AZ-Trend: Die MVG hat zu viele Barrieren

München - Rund 265.000 Menschen (17 Prozent der Münchner) sind im Rentenalter, also 65 Jahre oder älter. Damit gibt es mehr Ältere in der Stadt als Münchner unter 20.
Freilich, frisch in Rente geht es den meisten Senioren in München gut: Viele sind heute deutlich fitter, als es Rentner früher waren. Sie reisen, lernen noch einmal eine neue Sprache oder genießen das Münchner Kulturleben.
Allerdings steigt der Anteil derer, die im Alter arm oder von Altersarmut bedroht sind, deutlich. Mehr als 15.000 Rentner sind auf Grundsicherung angewiesen. Bis 2035 werden es laut Sozialreferat 26.000 sein, deren Rente nicht zum Überleben reicht – nicht eingerechnet sind diejenigen, die trotz schwieriger finanzieller Lage keine Grundsicherung beantragen.
Aber auch anderswo drückt der Schuh: "Einsamkeit ist bei vielen Münchner Senioren ein großes Problem", sagt Seniorenbeirats-Chef Reinhard Bauer (SPD). "Rund zwei Drittel der Älteren leben als Single oder verwitwet allein.

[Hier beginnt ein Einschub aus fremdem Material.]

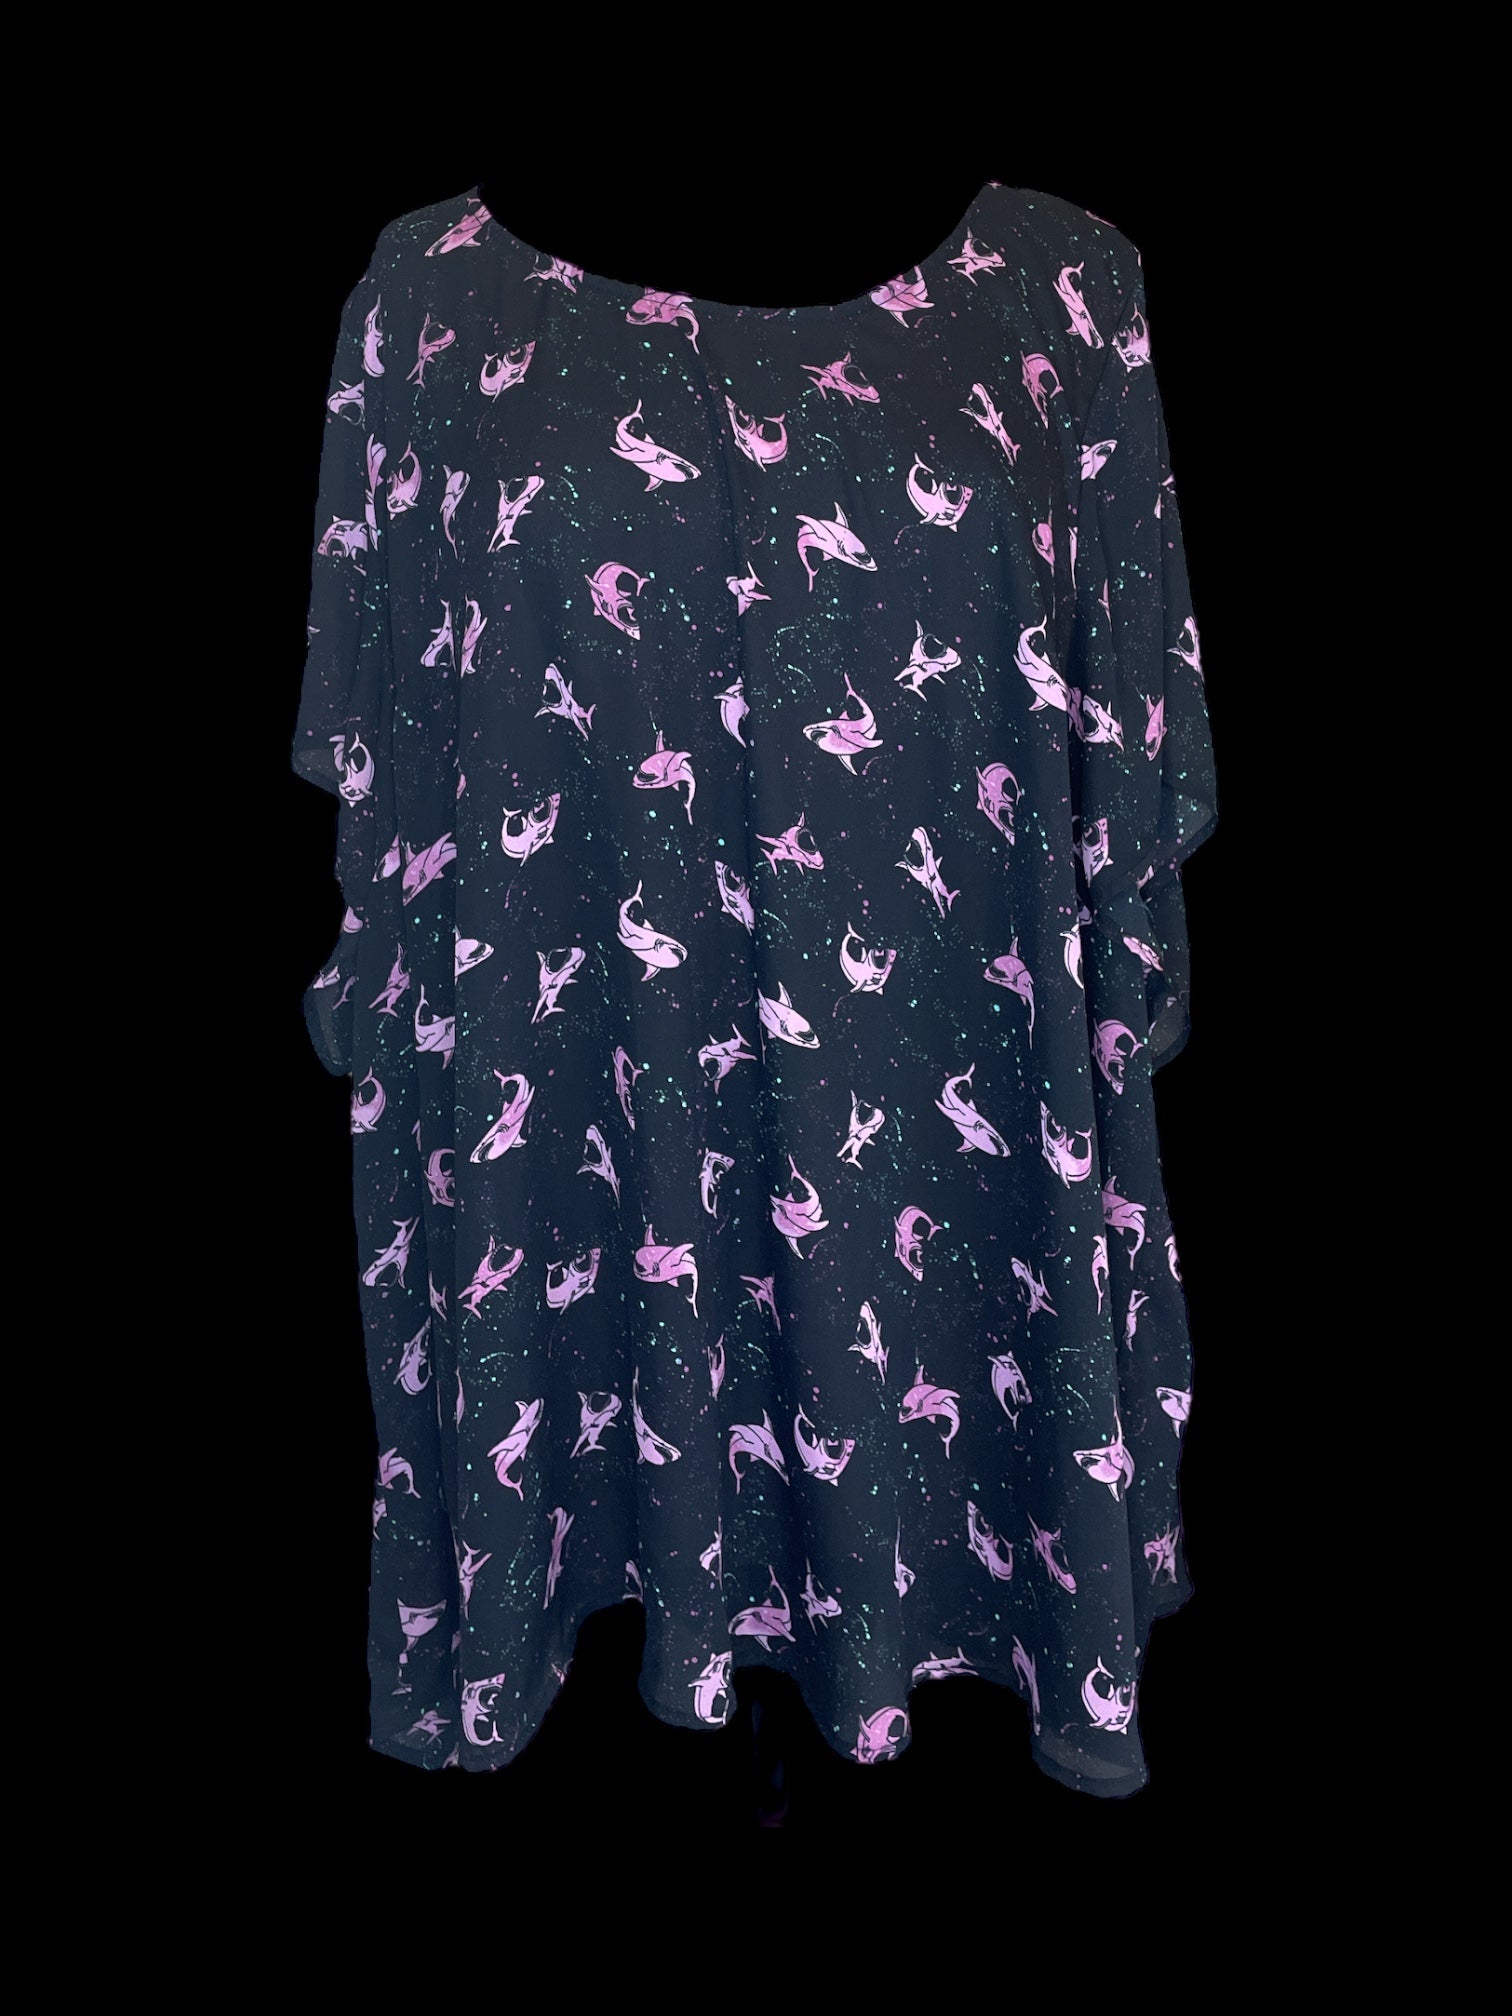 5X Black Sheer scoopneck short sleeve top w/ pink shark & paint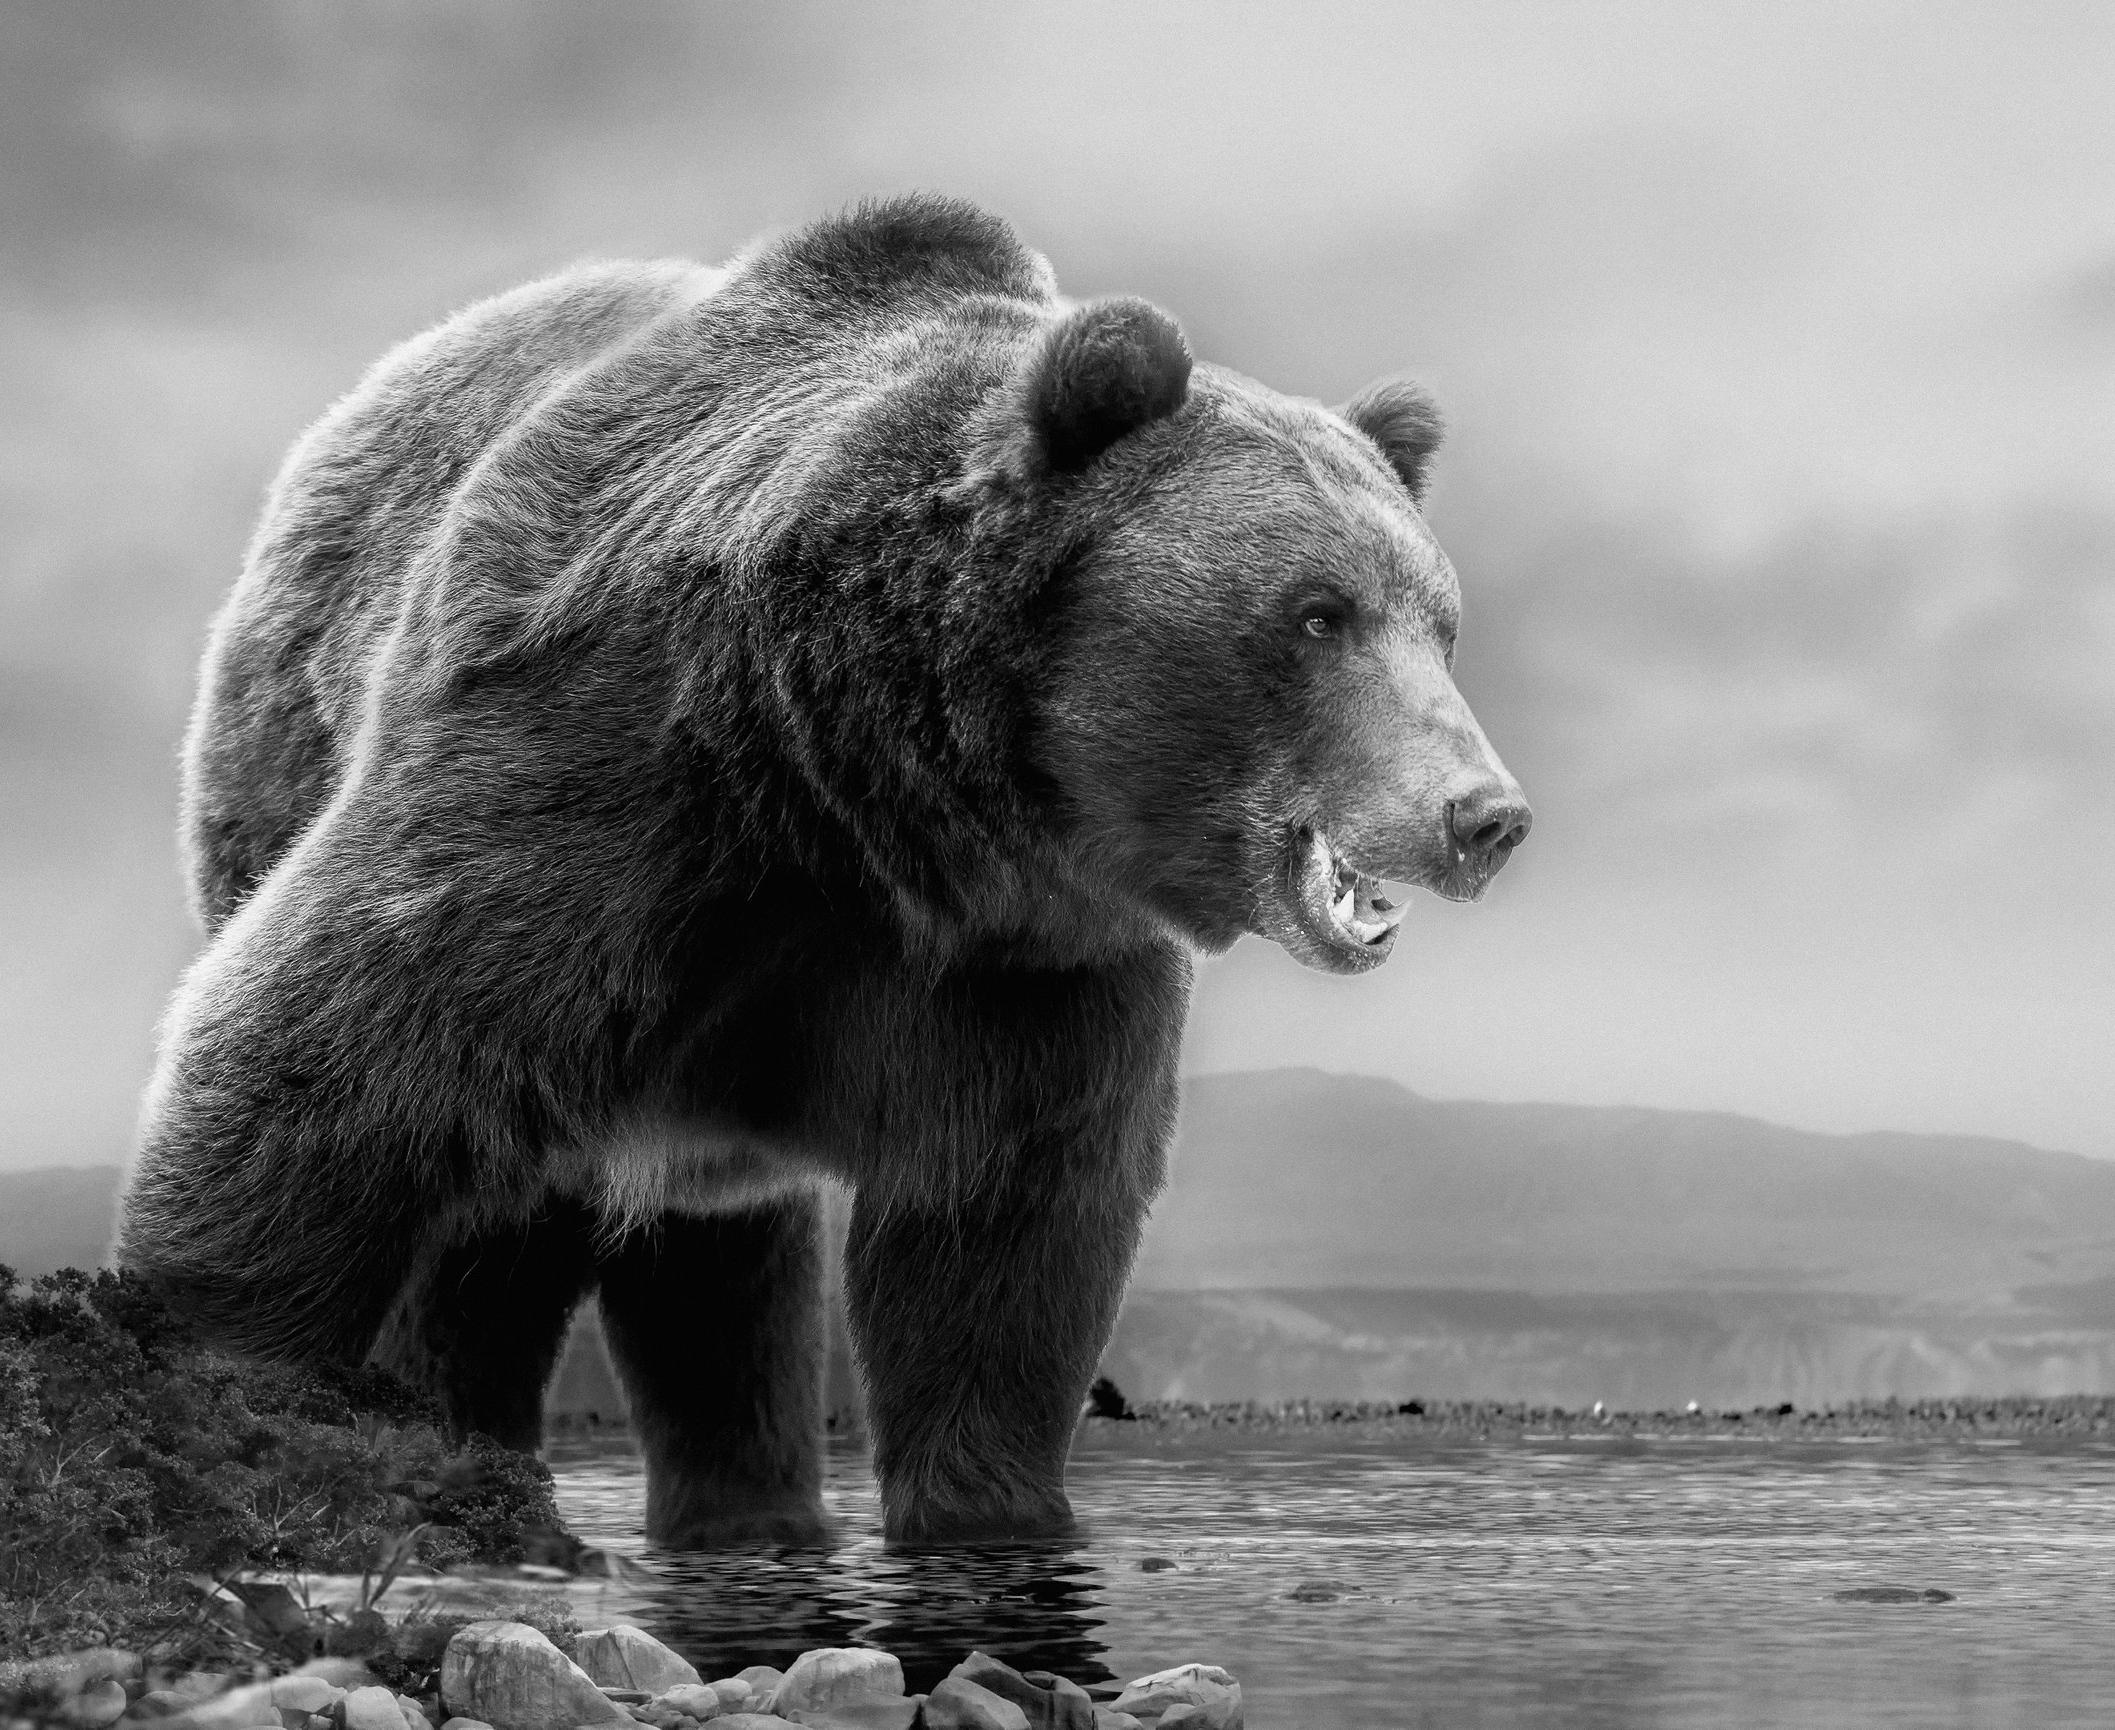 Animal Print Shane Russeck - "On The Waterfront" 36x48 Photographie en noir et blanc Ours Grizzly Kodiak Signée

Die Freunde sterben weg, die Kinder leben in anderen Städten oder kümmern sich aus anderen Gründen nicht." Dann fehlt nicht nur die Geselligkeit, es fehlt auch Unterstützung im Alltag – beim Einkaufen, beim Treppensteigen, wenn Glühbirnen ausgewechselt oder die Gardinen gewaschen werden müssen.

Mangelnde Barrierefreiheit sehen viele als Problem
Auch ein schwieriges Thema: die mangelnde Barrierefreiheit, wenn Senioren öffentliche Verkehrsmittel benutzen. "Viel zu oft sind Rolltreppen oder Aufzüge kaputt", sagt Bauer, "oder es fehlen Absenkungen an Bushaltestellen". Zu schaffen macht vielen Älteren auch, dass immer mehr Bankfilialen in den Vierteln schließen. Bauer hatte schon letztes Jahr Bargeld-Boten gefordert für Senioren, die nur unter großen Schwierigkeiten eine Filiale erreichen.

Wo also soll die Stadt handeln, wenn es um Senioren geht? Das haben wir die Münchnerinnen und Münchner gefragt. Die Befragten konnten mehrere Themen nennen. Dabei sticht ins Auge: Freizeitgestaltung ist ein nachrangiges Problem. Nur 42 Prozent wünschen sich mehr Angebote wie Tanztees oder die Senioren-Volkshochschule.
Mehrheit wünscht sich Hausbesuche mit Hilfe im Alltag
Viel deutlicher ist der Zuspruch bei den "harten" Themen. Fast 70 Prozent finden, dass die Stadt bei der Barrierefreiheit nachbessern muss, weil man mit Rollator, Rollstuhl oder Gehstock nicht ausreichend einfach vorankommt. 66 Prozent wünschen sich einen Ausbau von Hausbesuchen mit Hilfe im Alltag. Die Hälfte wünscht sich mehr Unterstützung, etwa in Alten- und Servicezentren. "Da sind wir mit den aufsuchenden Hausbesuchern auf einem guten Weg", sagt Seniorenbeirats-Chef Reinhard Bauer.
Ebenfalls ein großes Thema in der Stadt: die Gesundheitsversorgung. Hausärztemangel ist zwar eher ein Problem auf dem Land, aber auch in München sind die Wartezimmer oft voll. Trotzdem gaben 65 Prozent der Befragten der Hausärzteversorgung die Schulnoten sehr gut oder gut, 21 Prozent bewertete mit einer 3. Weniger als 15 Prozent gaben eine schlechtere Note – wobei Frauen die Noten 4 bis 6 etwas häufiger vergaben als Männer.

Ähnlich sieht es bei den Kliniken aus. Note 1 bis 2: 60 Prozent, Note 3: 21 Prozent – wobei auffällig ist, dass sich hier immerhin vier Prozent der Befragten gar kein Urteil zutrauen. Erfahrung mit Kliniken sind wohl weniger verbreitet als solche mit dem Hausarzt.